- What you have to do
Go through the following data and transcribe exactly the stretch of lines from the one holding "Modern Crochet Coasters" to the one holding "Gucci Striped Blue", both included.

(Beginning of Provided records)

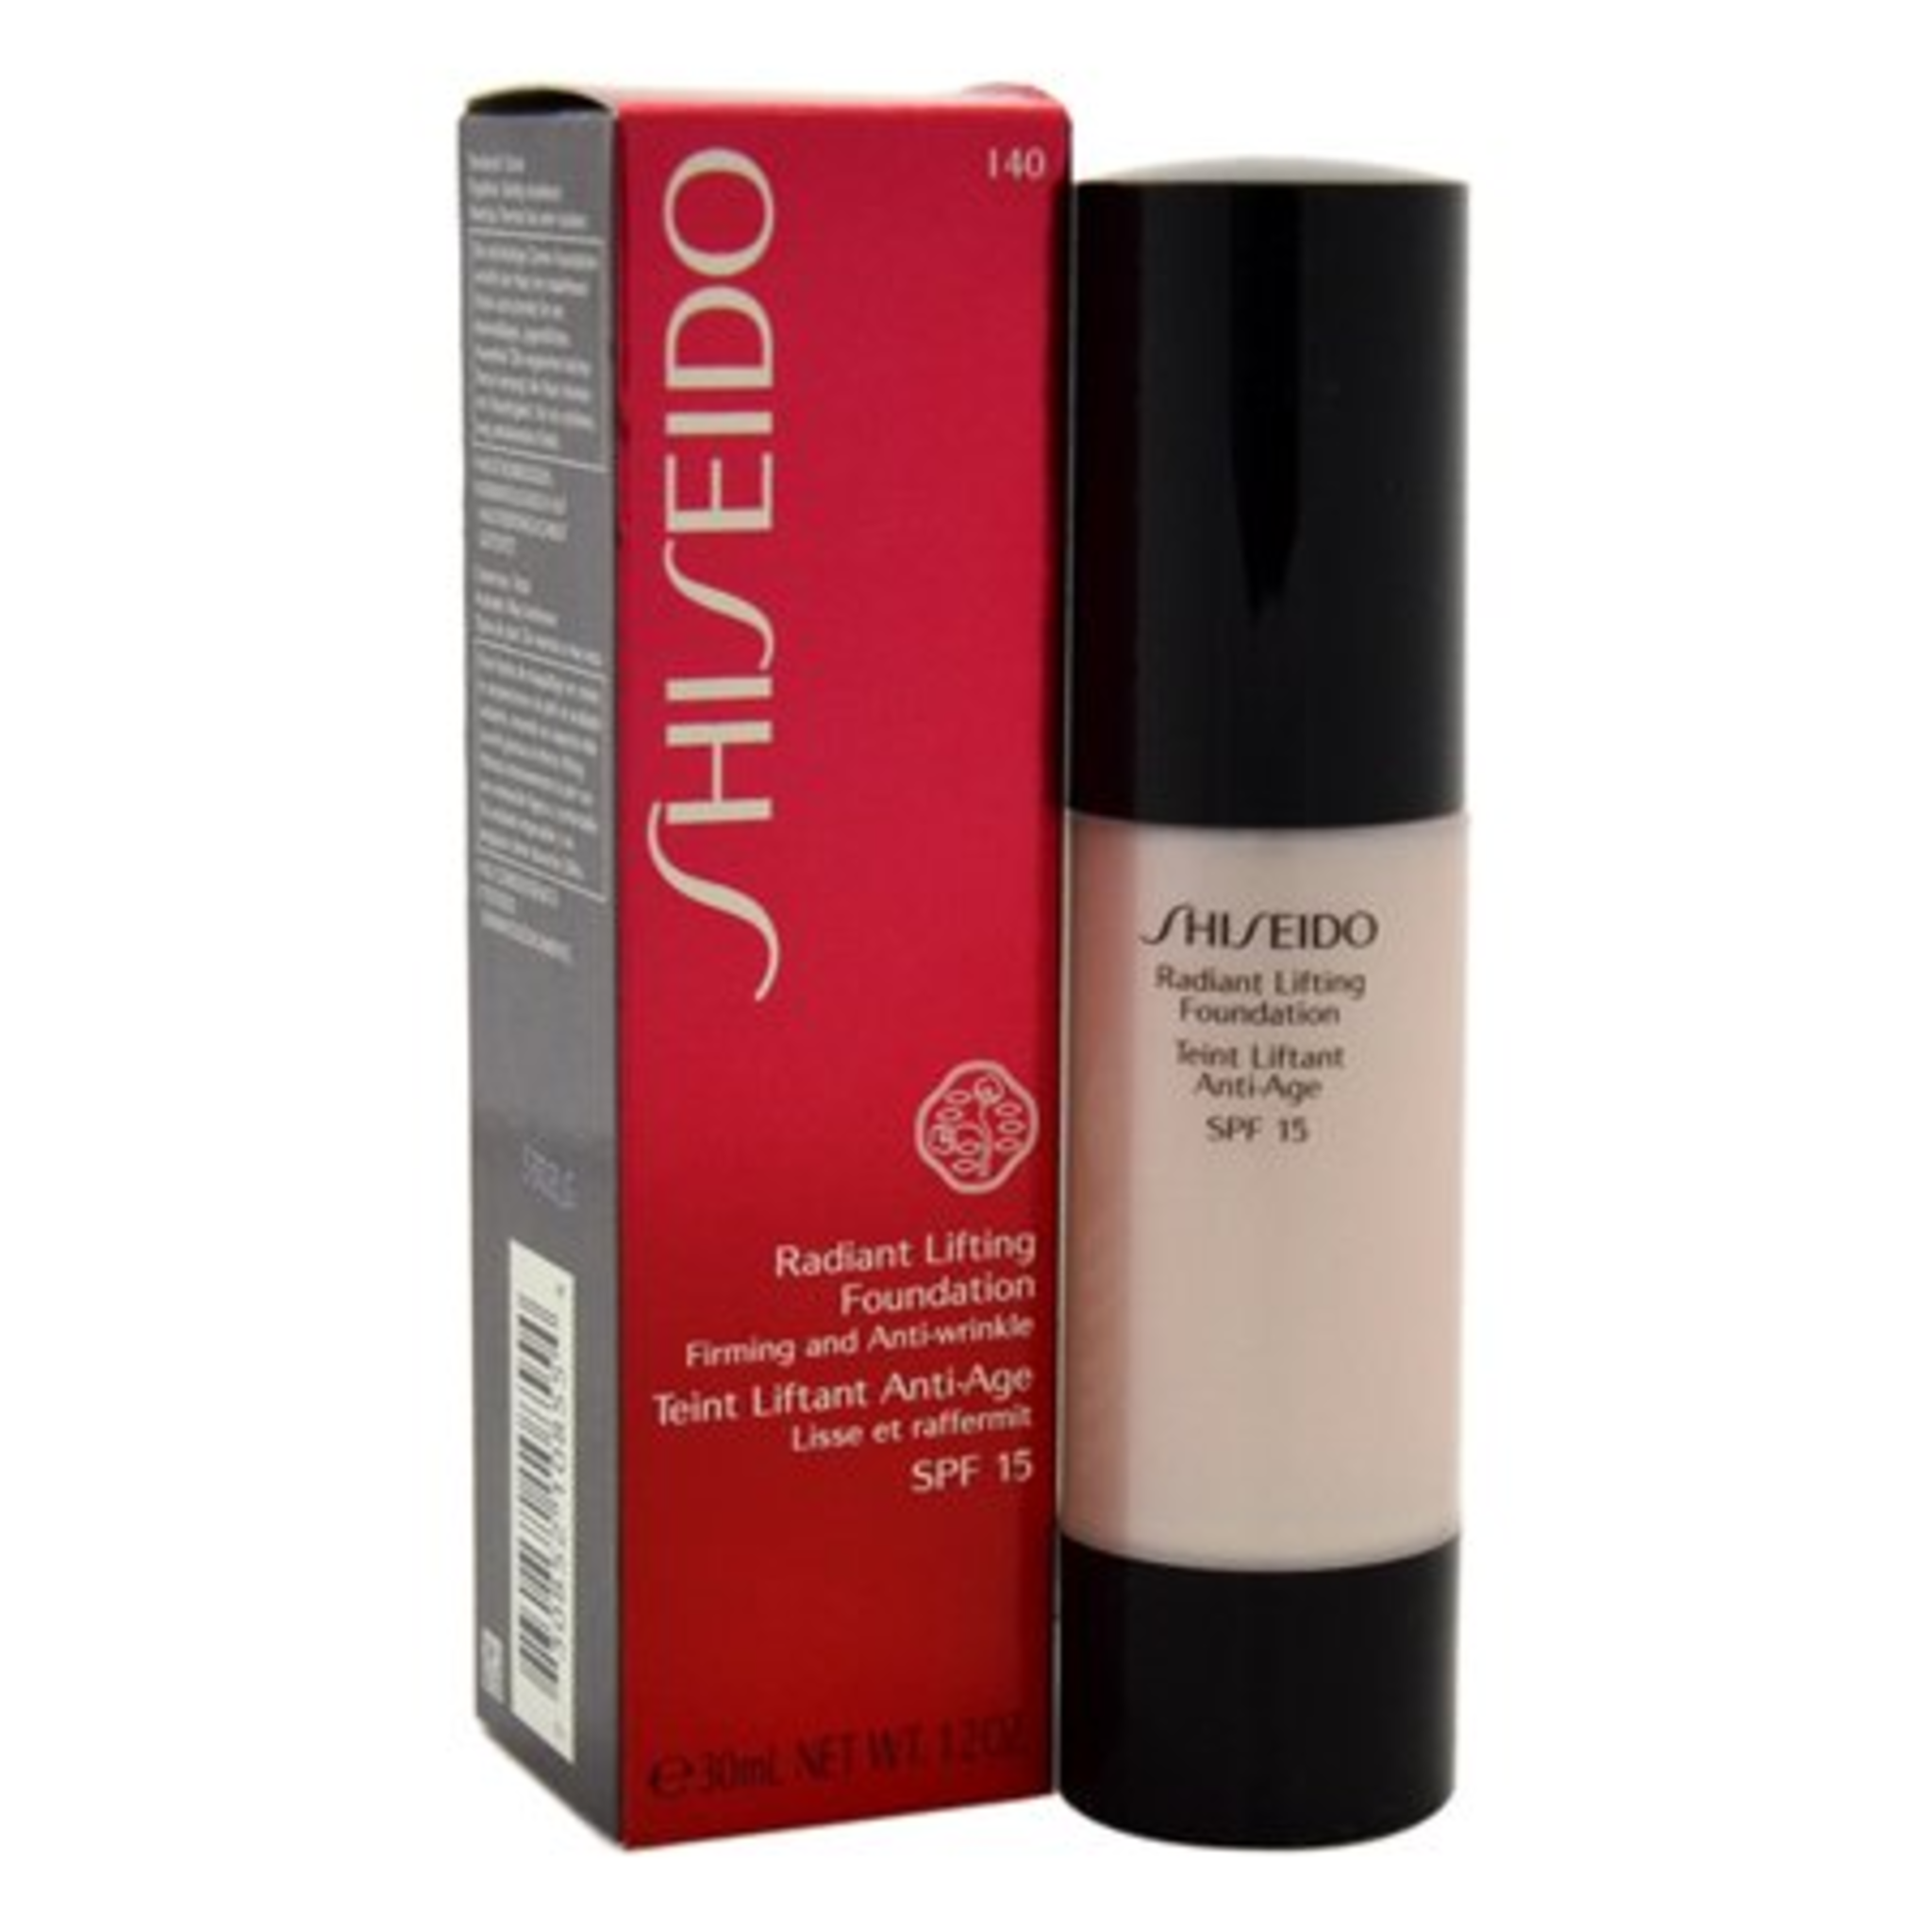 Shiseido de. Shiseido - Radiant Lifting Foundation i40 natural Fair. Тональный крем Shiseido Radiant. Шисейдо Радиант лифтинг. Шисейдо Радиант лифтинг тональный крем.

(End of Provided records)
(Beginning of Provided records)

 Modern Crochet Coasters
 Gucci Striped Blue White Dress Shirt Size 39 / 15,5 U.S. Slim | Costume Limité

(End of Provided records)
(Beginning of Provided records)

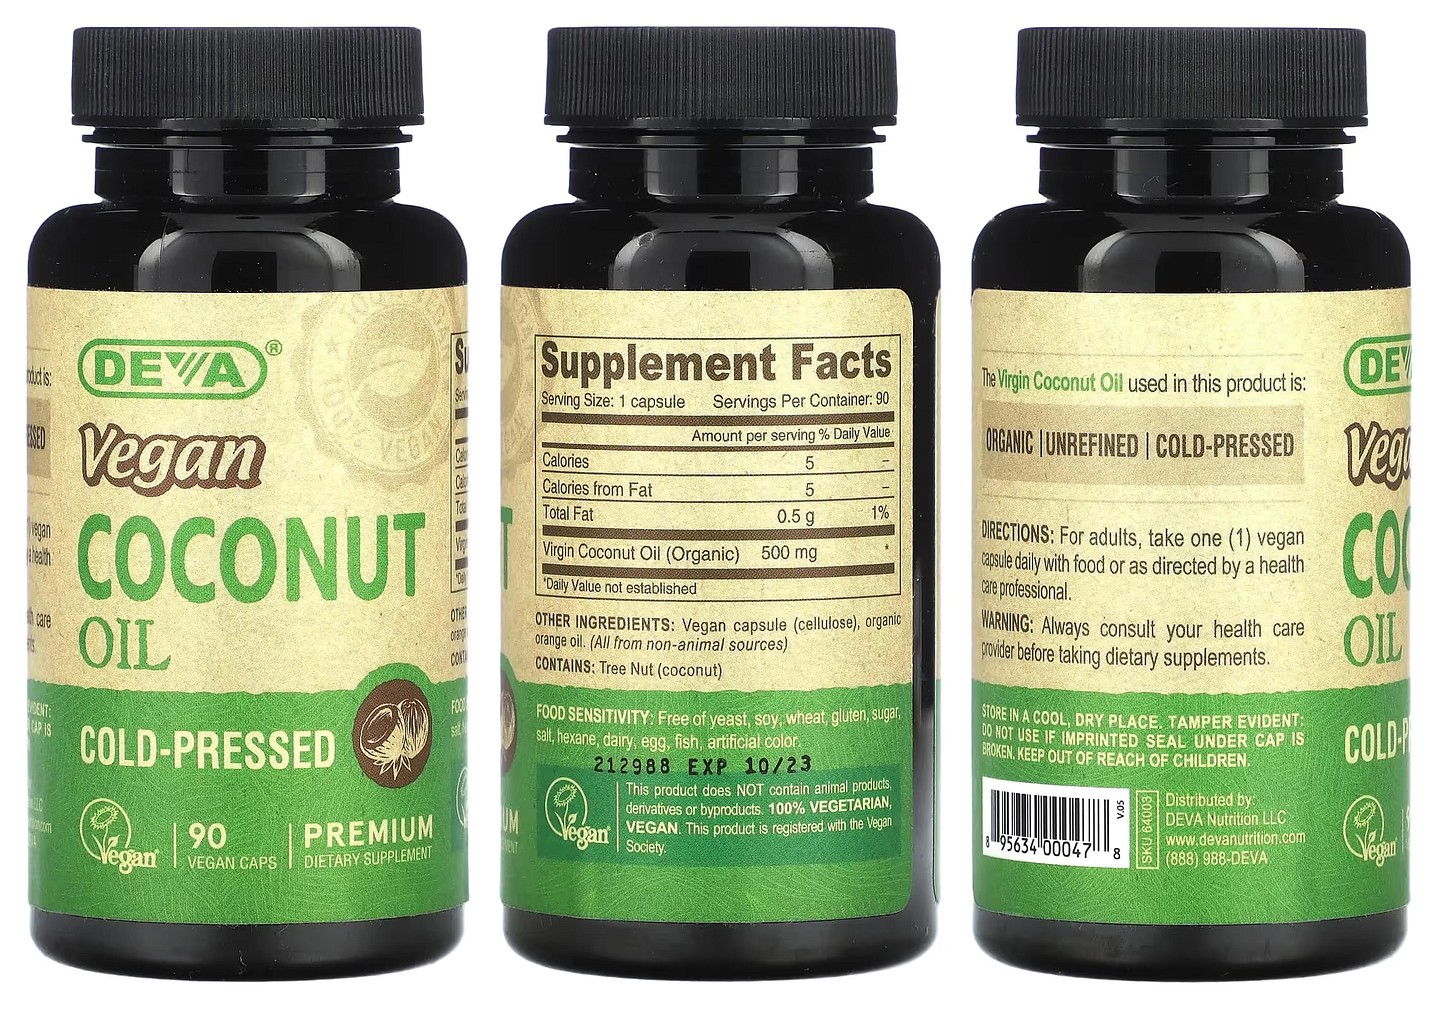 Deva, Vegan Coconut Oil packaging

(End of Provided records)

- Response area
 Modern Crochet Coasters
 Gucci Striped Blue White Dress Shirt Size 39 / 15,5 U.S. Slim | Costume Limité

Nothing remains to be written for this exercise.